### Problem requirements
Please give back exactly the line with "#TecnicoUniversitario #Yachay #Ciudaddelconocimiento" and each line after it through the end of the material, leaving out the pictures.
--- Data section Enclosed Below ---
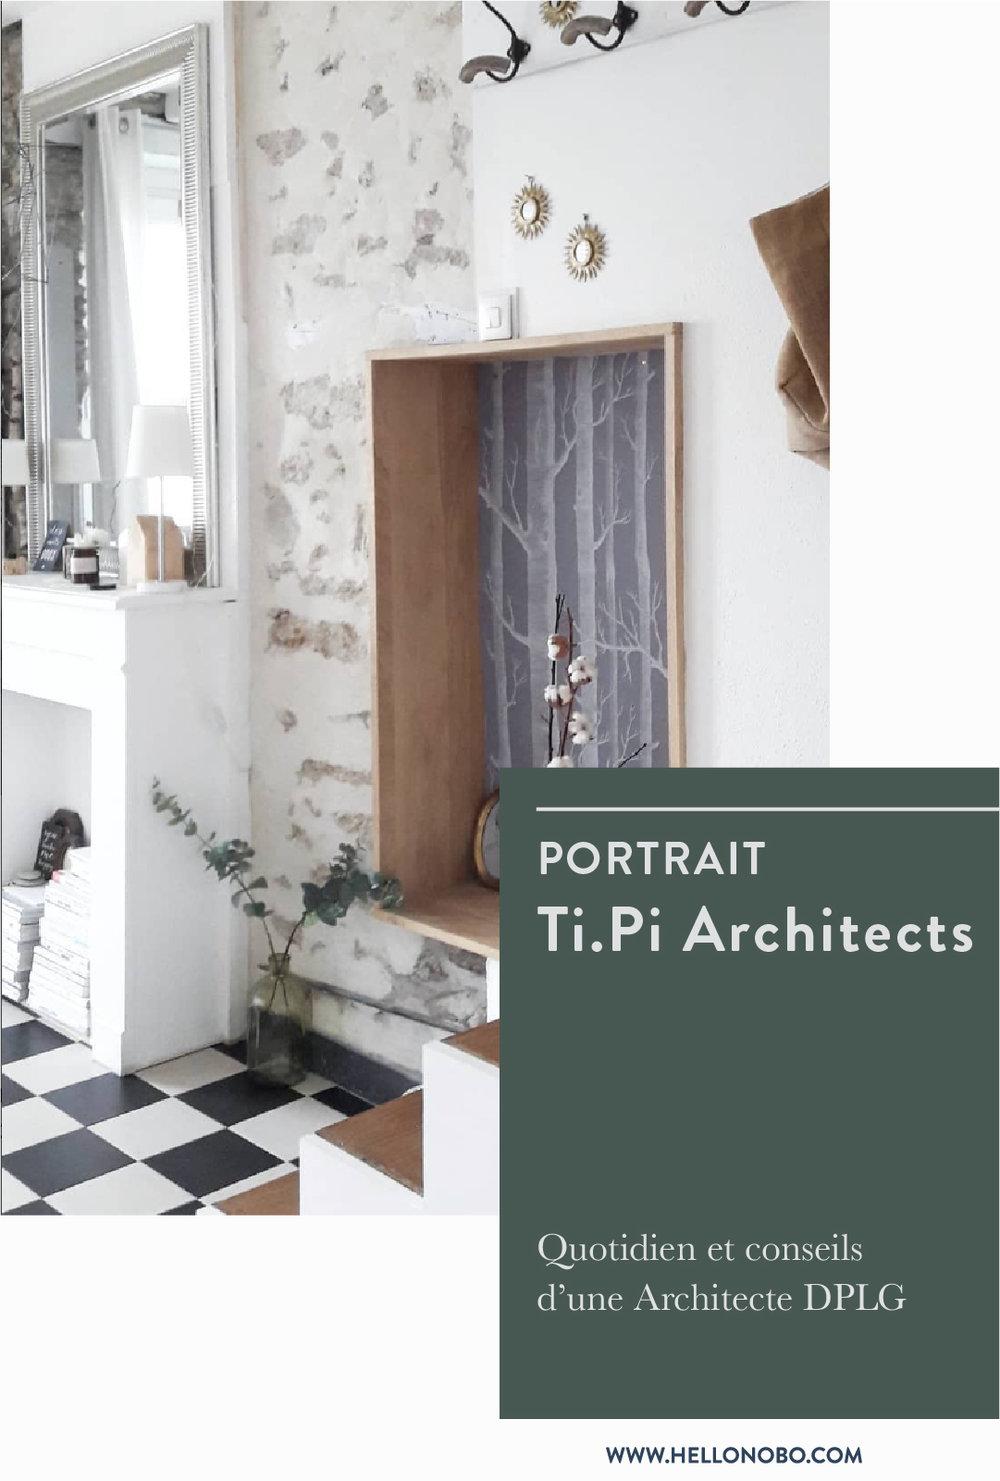 Portrait TiPi Architects.jpg
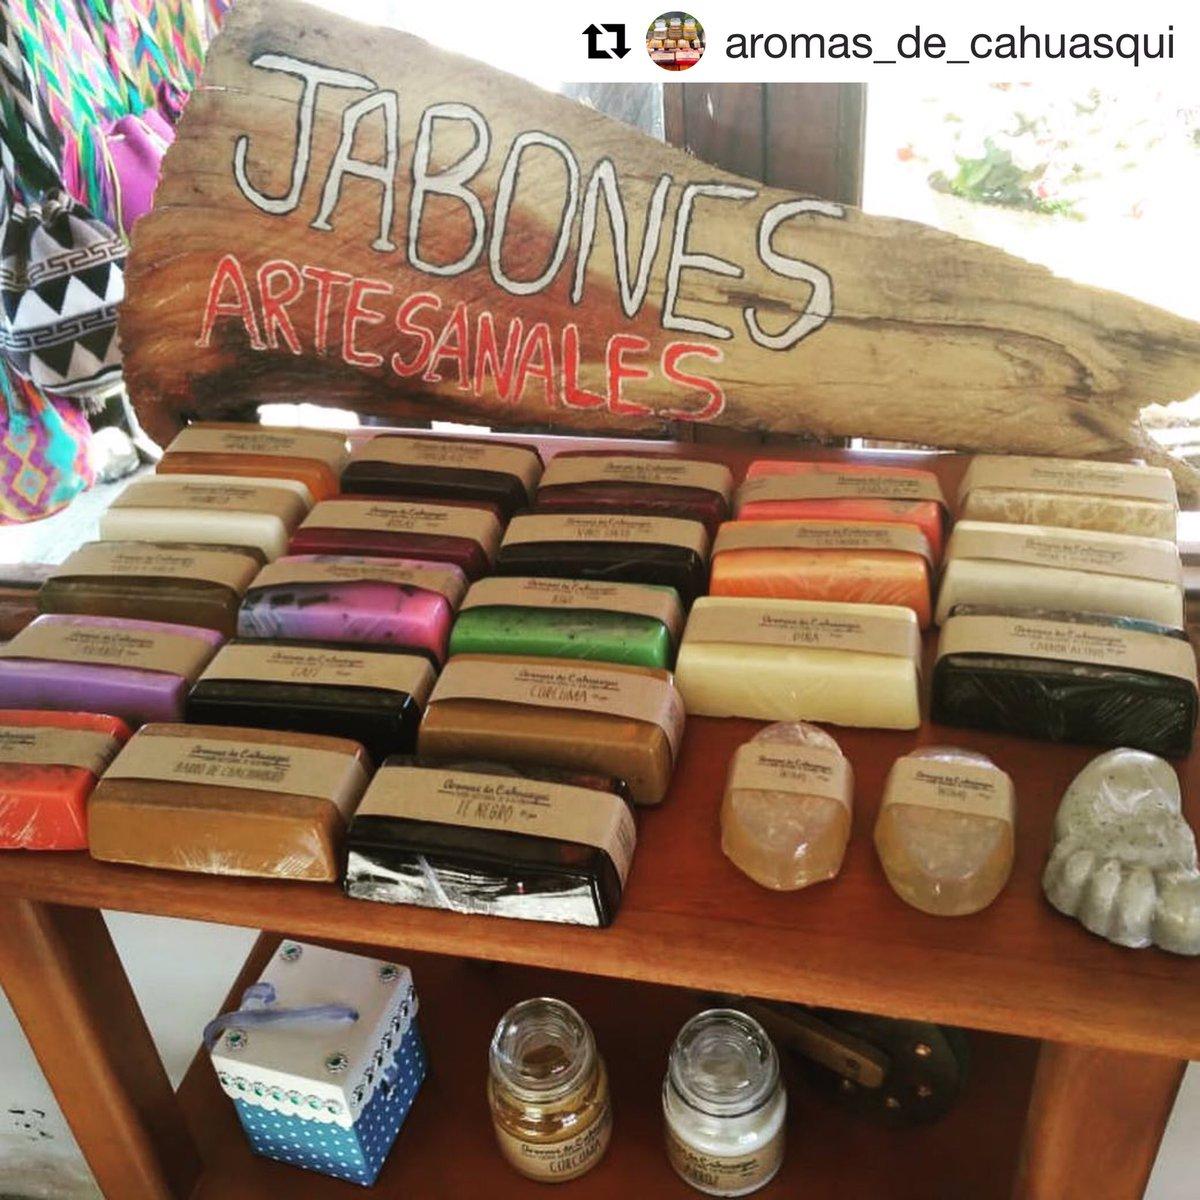 🎏 En #Imbabura cantón #Urcuquí encuentras nuestros jabónes de glicerina con extractos naturales #AromasdeCahuasquí a una cuadra del UPC vía a  #Tumbabiro #Cahuasquí  🇪🇨0992423832 #Barrotermal #Chachimbiro😍 #natural #organico #TecnicoUniversitario #Yachay #Ciudaddelconocimiento
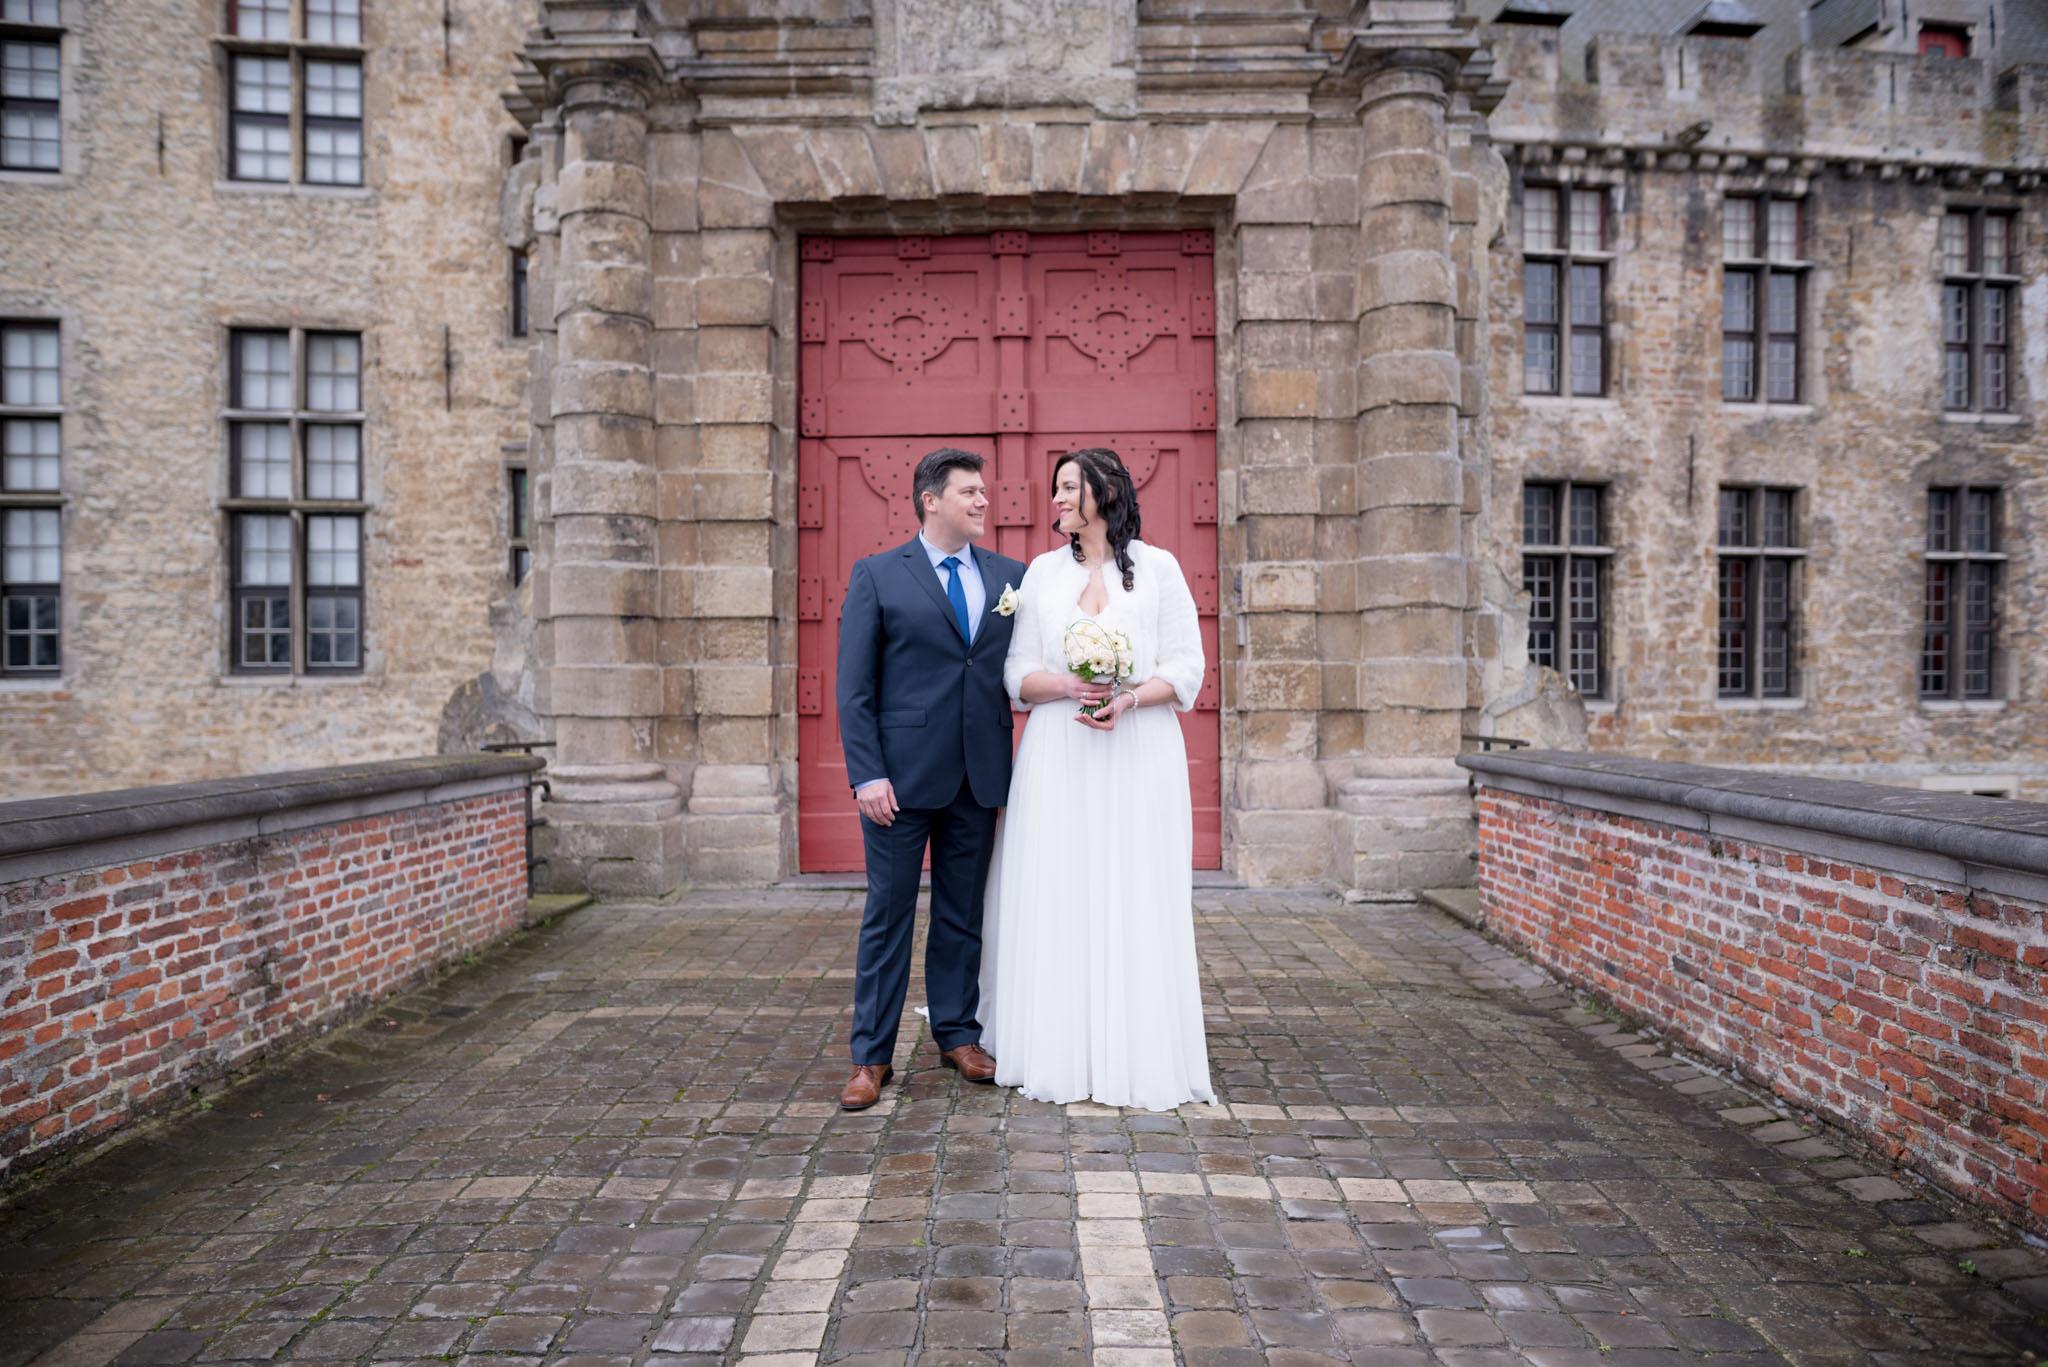 Huwelijksfoto Kasteel van Laarne
--- End of Enclosed Data section ---
### Answer for the task
 🎏 En #Imbabura cantón #Urcuquí encuentras nuestros jabónes de glicerina con extractos naturales #AromasdeCahuasquí a una cuadra del UPC vía a  #Tumbabiro #Cahuasquí  🇪🇨0992423832 #Barrotermal #Chachimbiro😍 #natural #organico #TecnicoUniversitario #Yachay #Ciudaddelconocimiento
 Huwelijksfoto Kasteel van Laarne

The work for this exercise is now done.